Jim Diamond 4am - 7am
Age verification plans could pose data security risks, experts warn
8 February 2022, 13:44
The Government has announced plans to require porn sites to verify the age of users in an expansion of the draft Online Safety Bill.
The Government’s plan to require websites that publish pornography to verify the age of their users could pose a data security risk, cybersecurity experts have warned.
As part of a strengthening of the proposed Online Safety Bill, digital minister Chris Philp has said affected sites will need to put “robust checks” in place to ensure users are 18 or over.
The Government has said that the measures should not process or store data that is irrelevant to the purpose of checking someone’s age.
But cyber experts have warned that any extra steps which rely on the transfer of data could be appealing to cybercriminals.

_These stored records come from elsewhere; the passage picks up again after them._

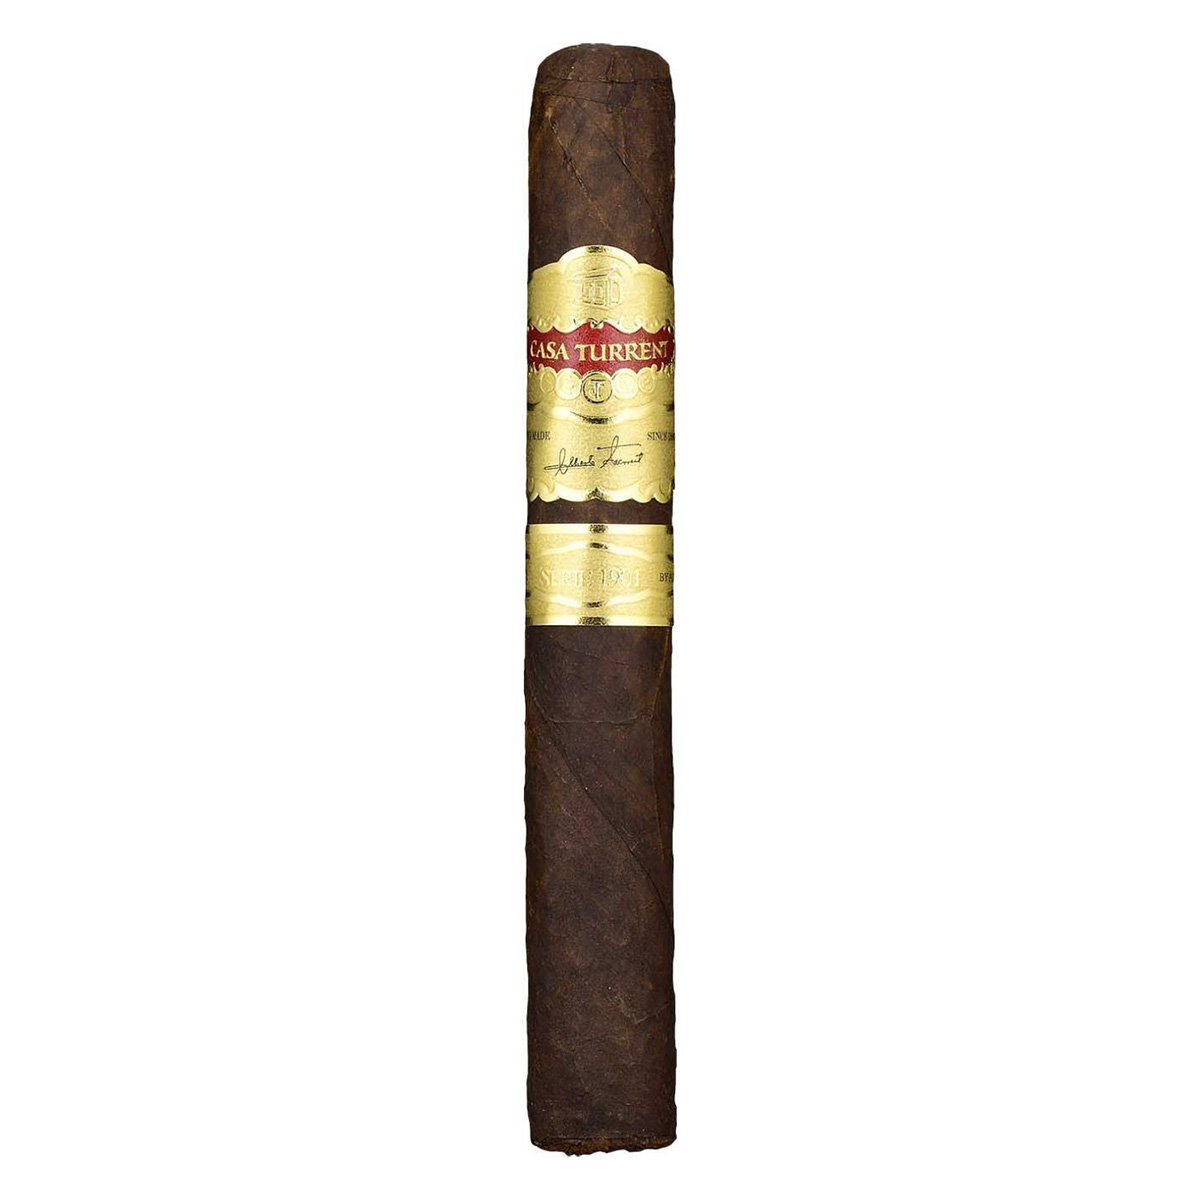 New World Cigar Sampler Pack - Mexico (Medium)
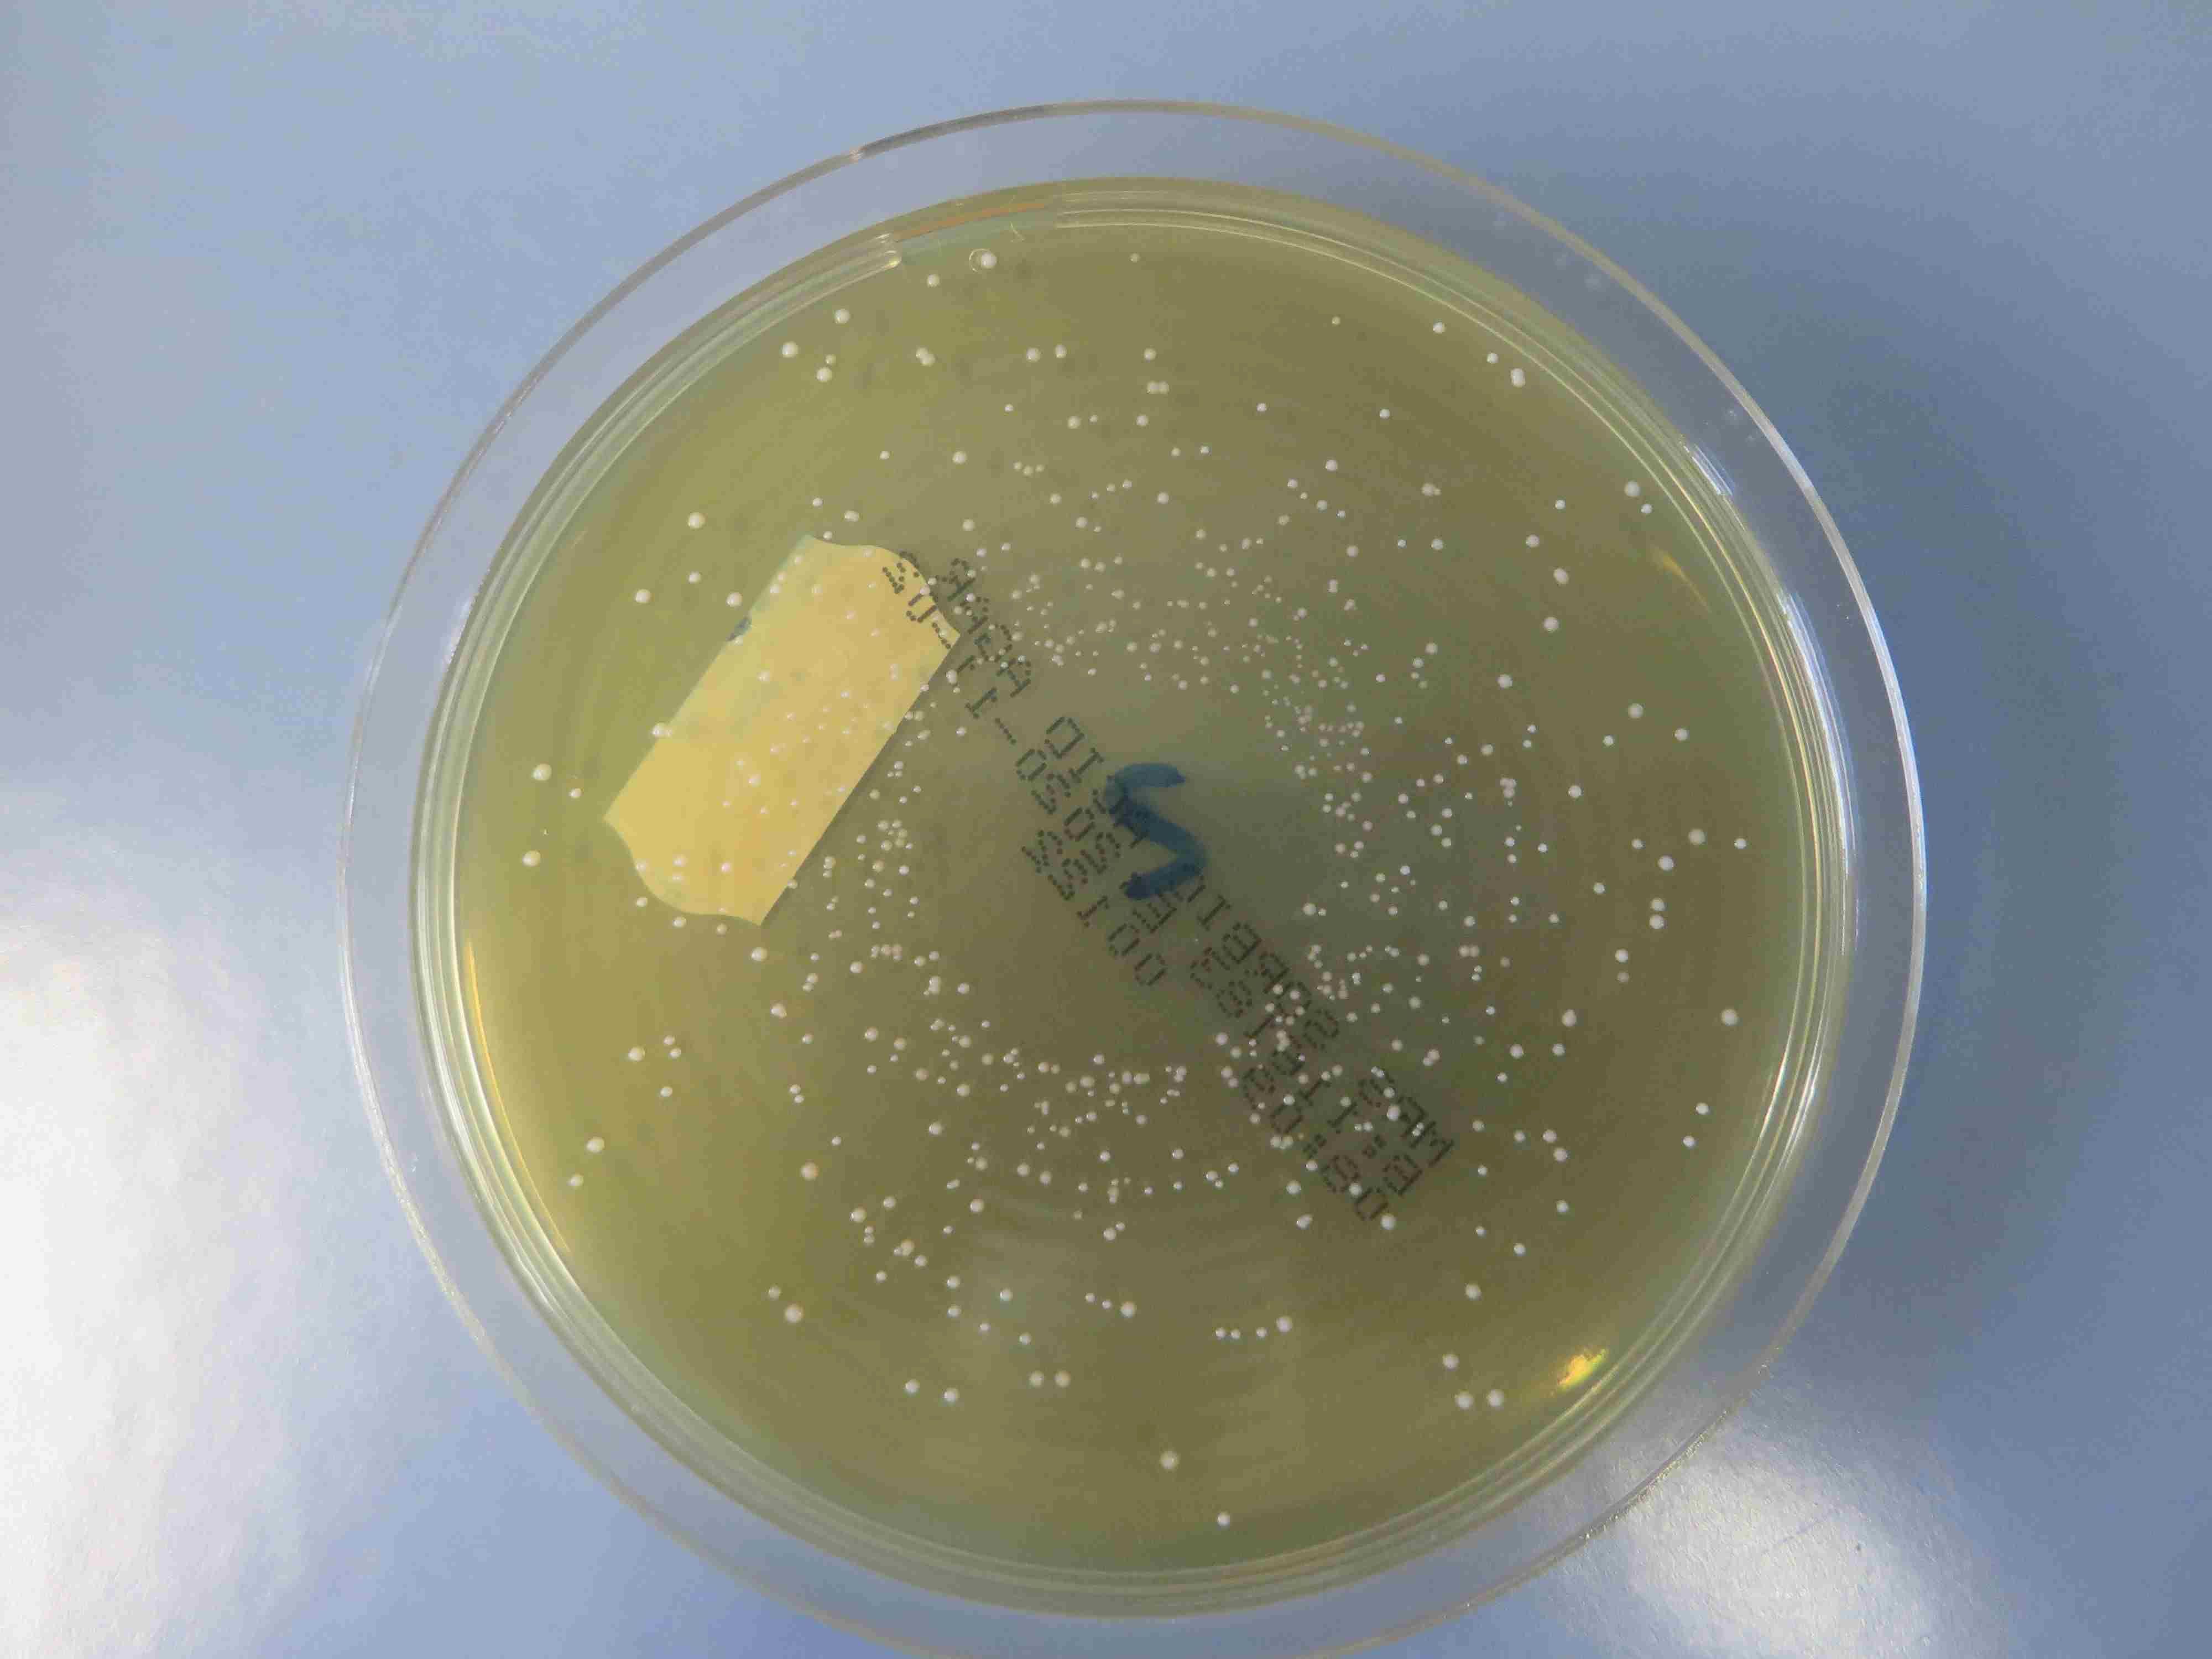 Das Bild zeigt eine Petrischale mit Milchsäurebildnerkolonien
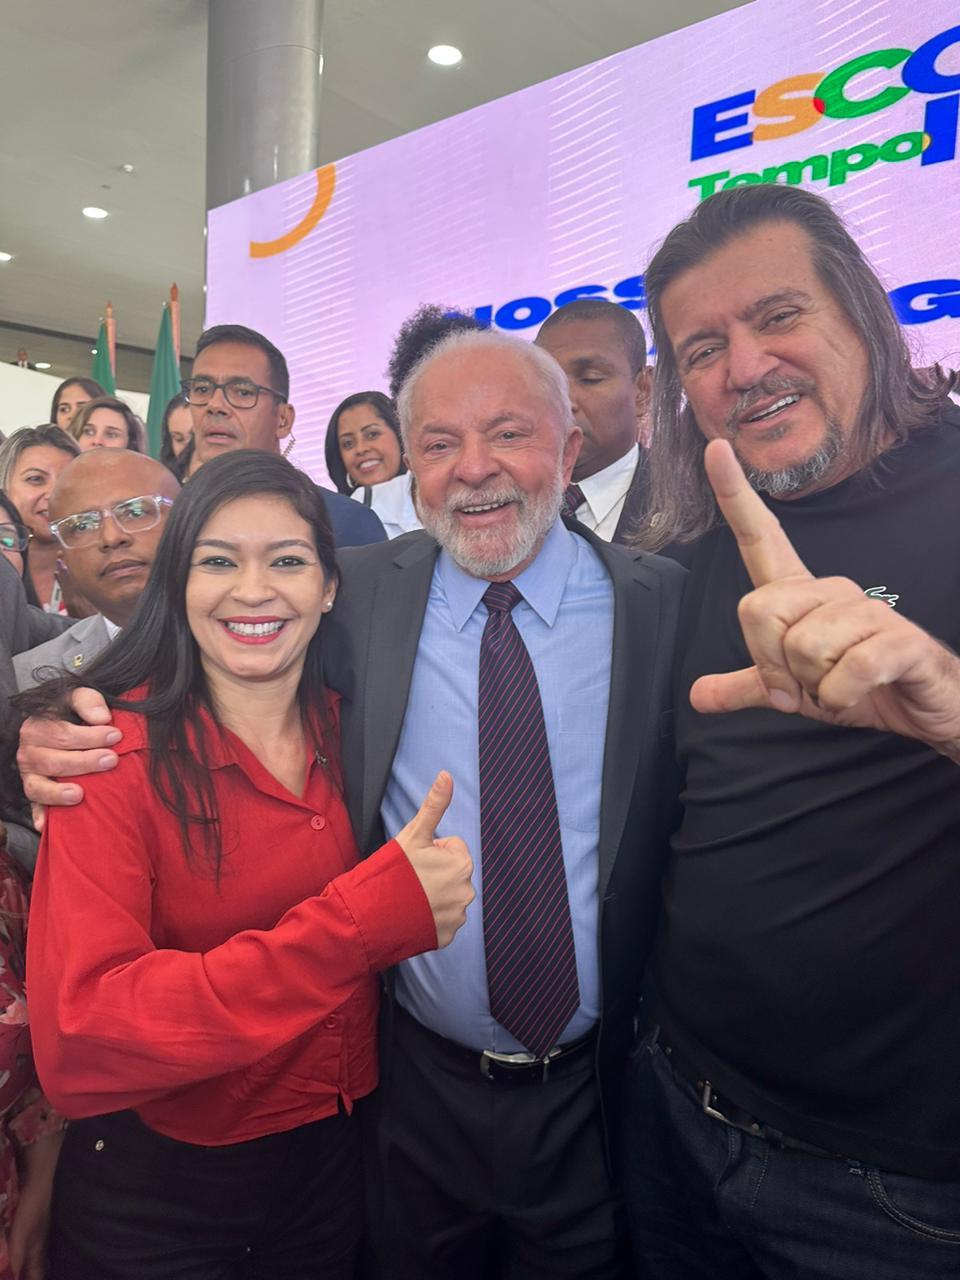 Ufenes e curso de medicina em São Mateus no ES: Presidente Lula responde solicitação feita pelo prefeito Daniel Santana

“This announcement is very welcome; countless studies have shown the detrimental effect online pornography can have on the way young people understand healthy relationships, sex and consent. So limiting access to extreme content should be applauded,” Jamie Akhtar, chief executive of cybersecurity firm CyberSmart, said.
“However, despite the commitment to user privacy outlined in the Government’s announcement, the process may pose security risks for adults.
“Data is the lifeblood of cybercrime and adding an extra step that requires the transfer of personal data – for verification – could well make adult sites a key target for criminals.
“Of course, this risk is far outweighed by the potential benefits, but it’s worth sounding a cautionary note and urging adults who use these sites to be as diligent as possible.”
The Government has said the possible measures put in place could include using secure age verification technology to confirm a user possesses a credit card and is therefore 18 or over, or by using a third-party service to confirm someone’s age against government data.
Mr Philp said it was “too easy for children to access pornography online” and that “parents deserve peace of mind that their children are protected online from seeing things no child should see”.
He added that the age verification measures would make the internet safer for children.
And while the Government has said that Ofcom may recommend the use of certain age verification technology that it deems secure, experts have said it could still be “a double-edged sword” because it involved the transfer of personal data.
“Yes, age verification services do exist today – and are in fact quite common in some online business sectors. However, we must remember that the most effective age verification methods require users to share their personal information, whether it is their photo, ID, phone number, credit card or anything else,” Yaniv Balmas, vice president of research at Salt Security, said.
“This is somewhat a double-edged sword; while it will certainly help reduce the exposure of these websites to the underaged, it also creates a privacy concern in which porn sites will now have the theoretical ability to identify their previously anonymised users, and protecting this data will now be shifted to their responsibility.
“In fact, the privacy threat could be even greater if the Government tries to assist the process by allowing companies access to citizens’ information by issuing a new government-backed API solution – which might actually put the entire database at risk from malicious actors looking to abuse it.”